Shīrīn Lectures Khusrau

Niẓāmī Ganjavī
(ca. 1141–1209)

Shīrīn Lectures Khusrau

Khamsa (Quintet), in Persian, written by Mun˓im al-Din al-Auḥadī

Persia, Shiraz
1509-10
200 x 123 mm

Purchased by Pierpont Morgan, 1911

MS M.471, fols. 81v–82r
Item description: 

Deeply pained to learn that Khusrau was responsible for his rival Farhad's death as well as of the prince's affair with Shekar of Isfahan, Shīrīn will speak to him only from the roof when he comes to her palace to beg forgiveness. She reproaches him for causing her to suffer and for being merry from wine. If he is seeking love, he must be sober and marry her. They are then united in perfect love.

Many years later, Khusrau's son, lusting after his throne and wife, imprisoned him in a dungeon, where he was assassinated. After the splendid burial, Shīrīn, who had agreed to marry him, asked to be left alone for a final farewell, locked the vault door, and fatally stabbed herself.

This episode appears in Khusrau va Shīrīn (1180), the second story in Niẓāmī's Khamsa (Quintet).

Exhibition section: 

Persian poetry
The Persians loved their poetry and their poets, though the Qur˒an warned against believing their words (sura 69.41) and "those straying in evil who follow them" (sura 26.224).
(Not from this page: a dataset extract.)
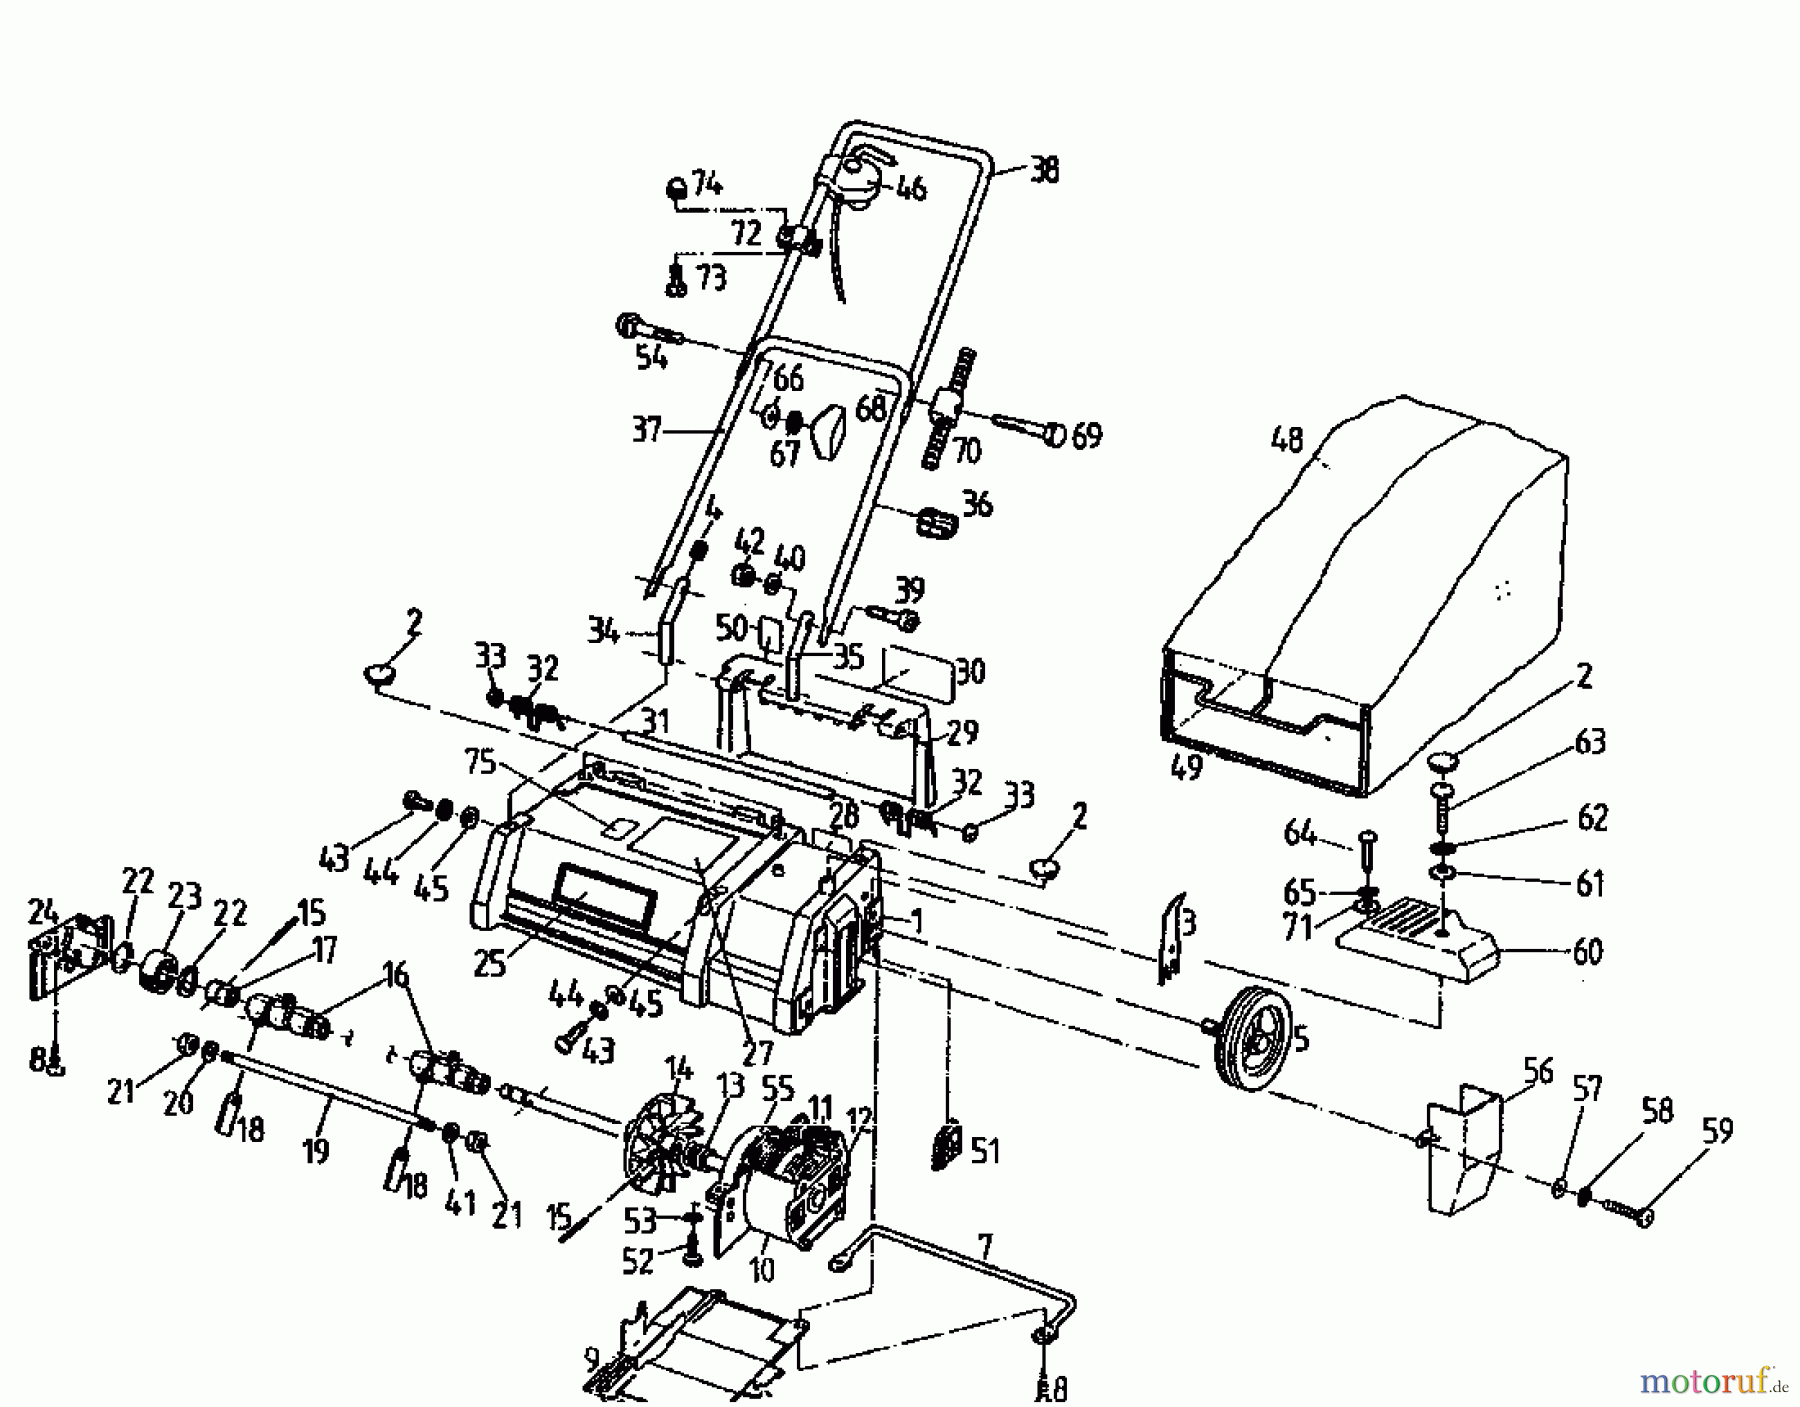  Diana Scarificateur électrique 132 VE 02801.06  (1995) Machine de base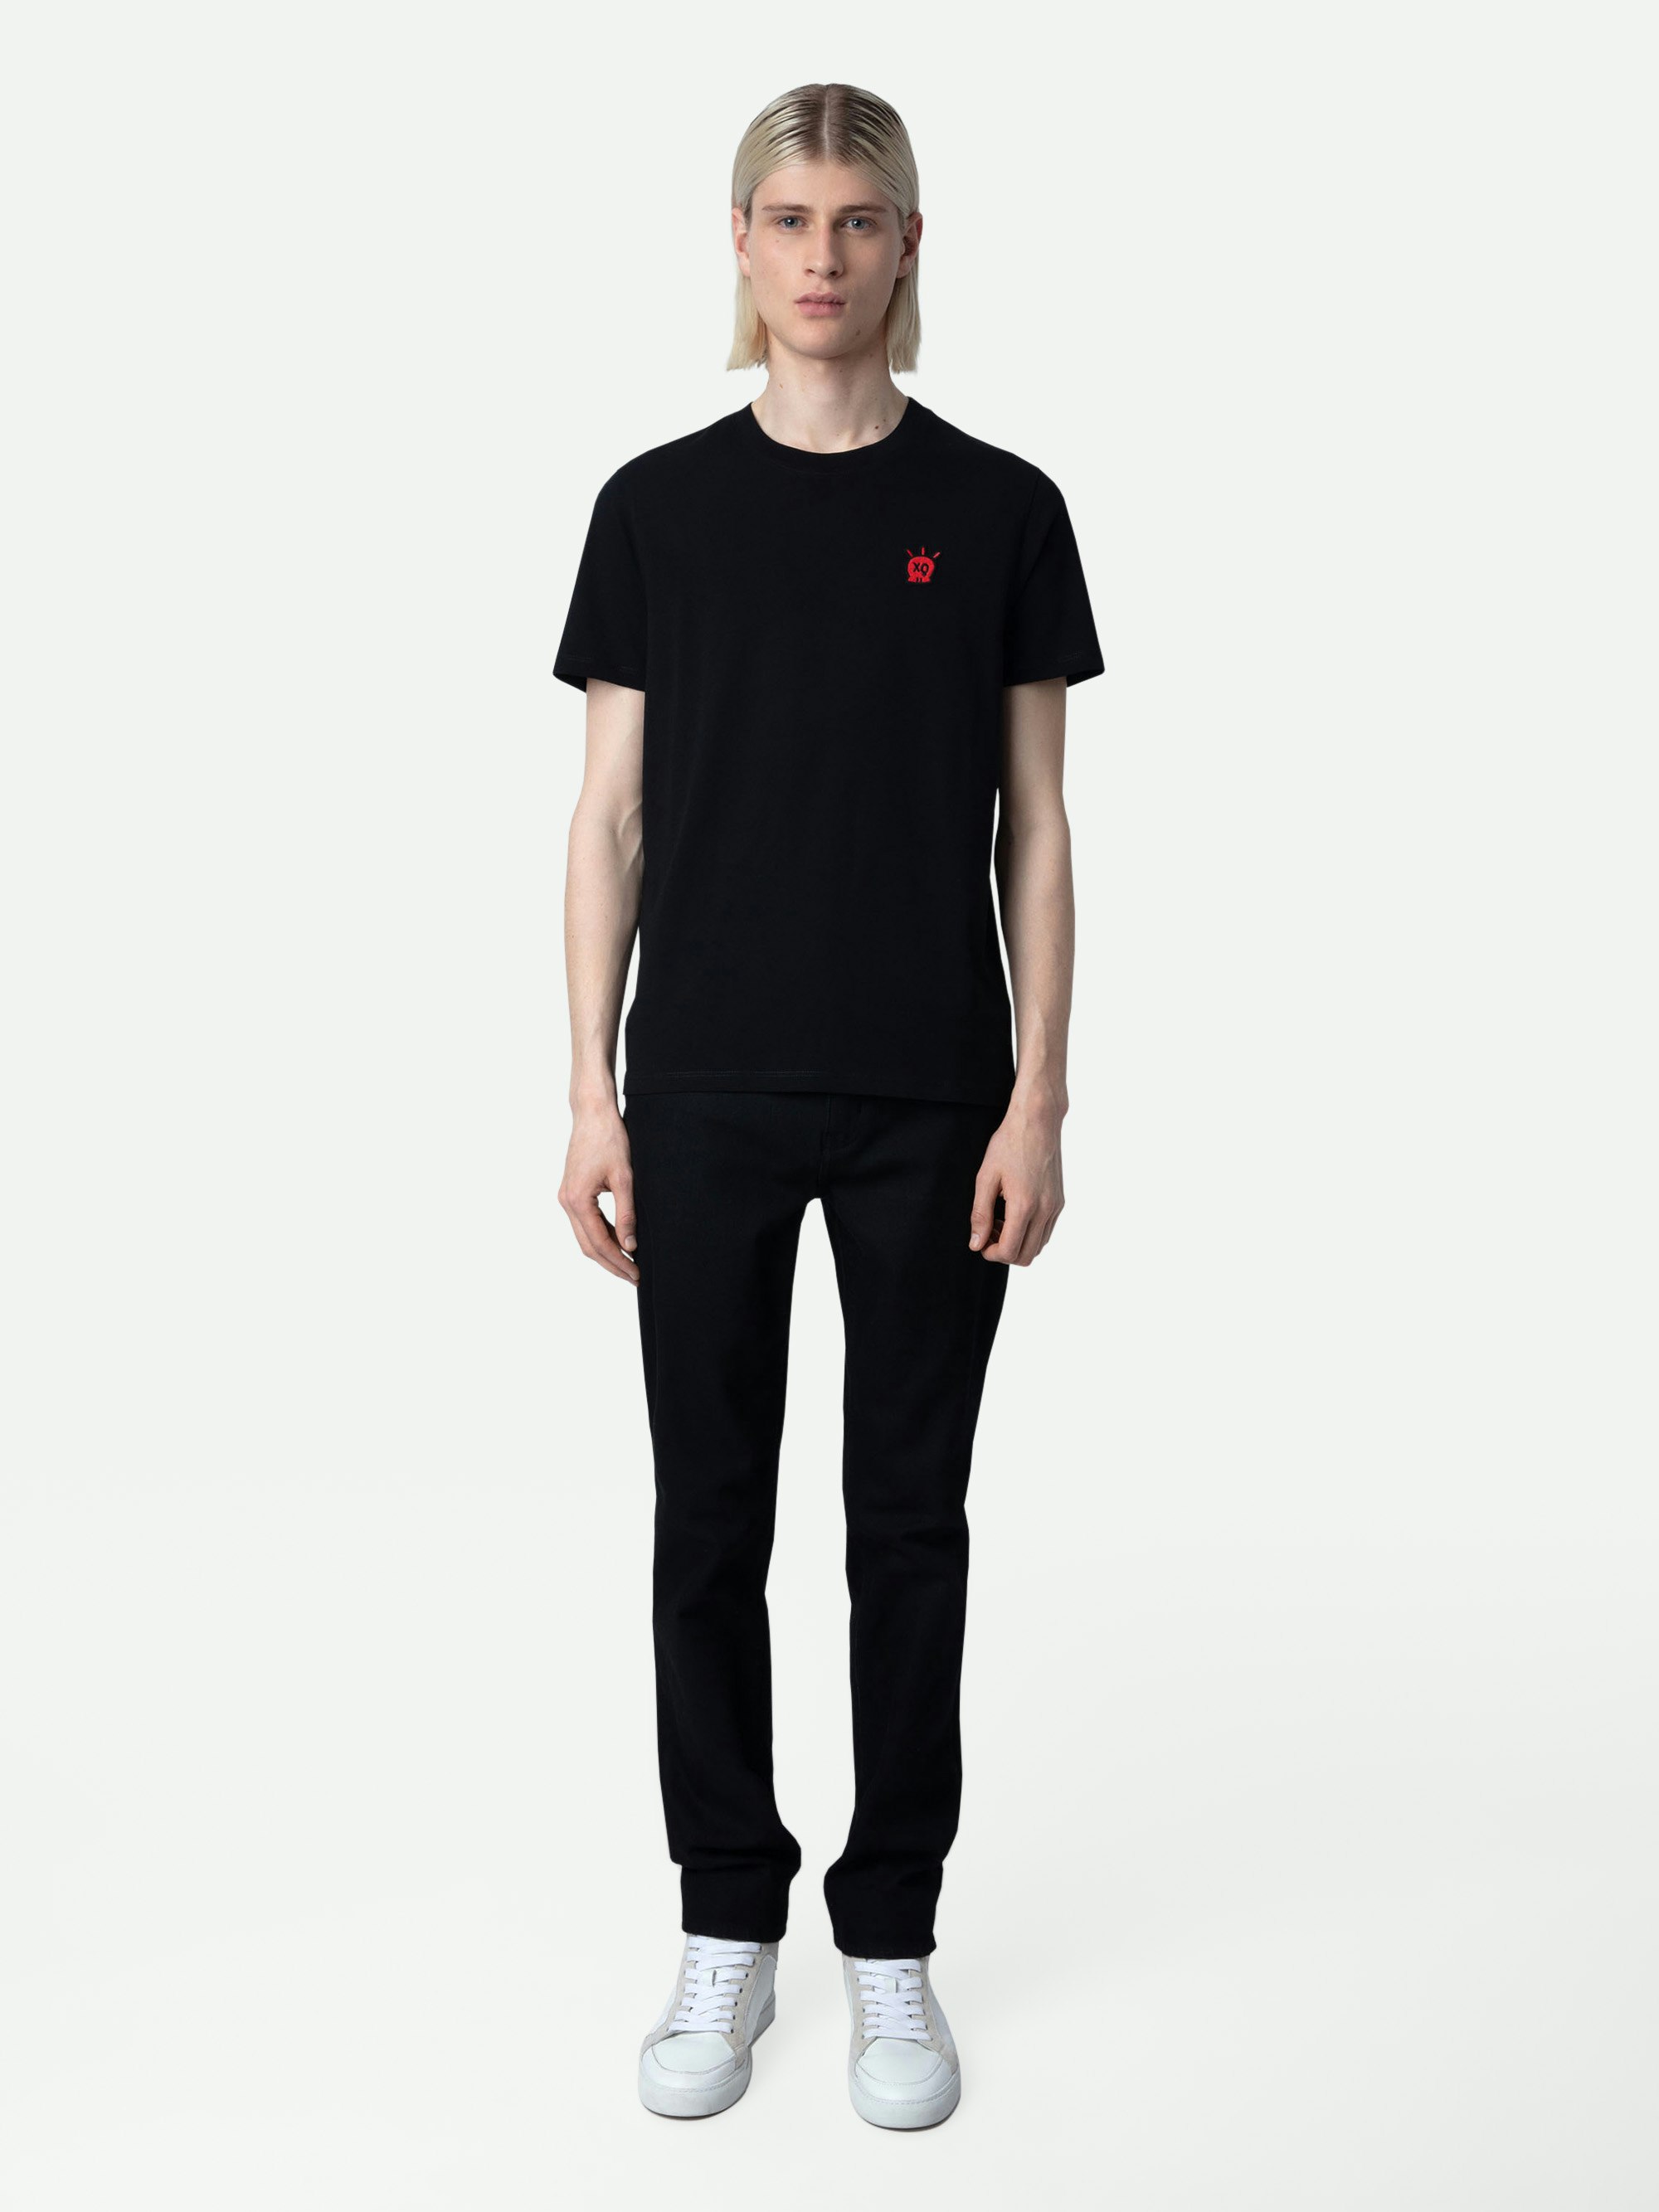 Camiseta Tommy Skull XO - Camiseta negra de algodón para hombre con parche de calavera XO en el pecho.

While Arabic was the first language of Islam and the language of the Qur˒an, Persian was favored by poets. Even Firdausī's (940–1020) celebrated Shāhnāma (Book of Kings), the national epic of Persian, was written in verse—some 50,000 couplets! Rūmī (1207–1273), the best known of the Sufi poets, put poetry in perspective when he wrote, "A hundred thousand books of poetry existed / Before the word of the illiterate [Prophet] they were put to shame!" (Masnavī I, 529). Presented here are illustrations of Firdausī's Shāhnāma as well as works by Sa˓ dī (ca.1184–1292), Hāfiz (ca. 1320–1389), and Jāmī (1414–1492), regarded as the last of the great Sufi poets. Also featured are illustrations from each of the five poems of the Khamsa (Quintet), by Niẓāmī (ca. 1141–1209), especially Lailā and Majnūn (The Persian Romeo and Juliet) and Bahrām Gūr's Seven Princesses.